A new study finds that global warming will bring with it an increase in agricultural pests, which will lead to significant crop loss across the globe.
Scientists have already raised grave concerns about the effects of climate disruption on global agriculture. Research has shown that rising temperatures can reduce nutrient quality in staple grains, and that droughts and flooding can reduce yields. The recent report adds an additional worry.
The new findings make “intuitive and scientific sense,” based on what scientists already know about insects, says Michelle Tigchelaar, a research associate at the University of Washington and a co-author of the study.
Insects are ectotherms.
“This means that as the global temperature rises, their body temperatures rise, and so they will eat more. Essentially, their energy use goes up,” she says.
And as temperatures rise, more insects will survive through the winter and reproduce at faster rates.
Put those two things together and the result is a larger insect population that will need to eat more to survive.

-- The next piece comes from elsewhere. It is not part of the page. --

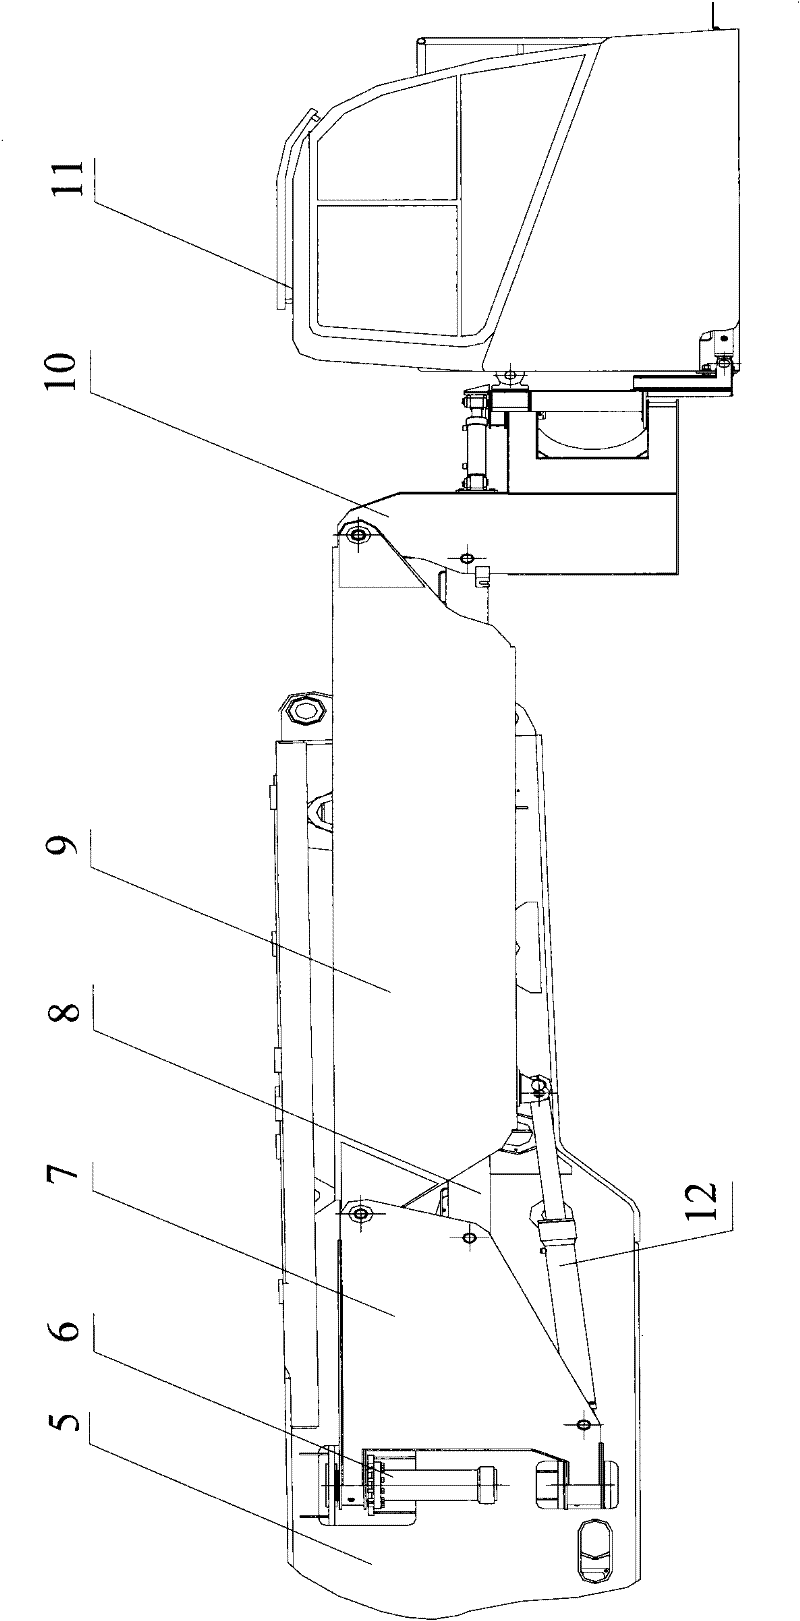 Crane and its displacement device

The unique part of the study, Tigchelaar says, was that it was the first time scientists quantified how big these impacts could be.
“What's surprising about these results is that this is not an insignificant contribution to future crop losses,” she says. “It is not going to be the dominant factor of how climate impacts crops, but it is not insignificant and will definitely aggravate the problem.”
The insect boom will primarily affect the world’s main staple crops — corn, wheat and soy. Wheat will likely see the largest crop losses, Tigchelaar says, because it is grown in temperate climates, where the study predicts the largest rise in numbers of insects will occur.
To put a figure on it: Two degrees of global warming could double the volume of wheat that is currently lost to pests.
“Our projections show that those crop losses could be on the order of several hundred million tons,” Tigchelaar says. “Combined with the other impacts of climate change on food production, these impacts are tremendously important, especially for the more than four billion people on this planet who depend critically on staple crops for their sustenance. Households that spend the majority of their income on food will be extremely vulnerable to price shifts.”
The nations of the world can take some steps to prevent or at least mitigate these crop losses, the most obvious one being to limit climate change, Tigchelaar says. Farmers and farm policy specialists should also look into new pest management strategies, as well as investments in crops that are more resilient against heat and pests.
“Breeding strategies [will be] an important part of any solution to climate change, but they're not going to be able to get us there alone,” Tigchelaar says. “Crop scientists have been trying for several decades to breed crops with increased resistance to heat, with little to no avail. That means that farming practices and perhaps what we eat are going to have to change.”
The good news from the research is that “a lot of the projected impacts of climate change on agricultural crops are interconnected,” Tigchelaar says.
“Solving climate change, solving pest impacts and solving the food crises that we're facing here in the United States might have common solutions around better land management practices and better public health policies,” she says. “If this kind of work can galvanize those kind of changes, that would be a really positive impact.”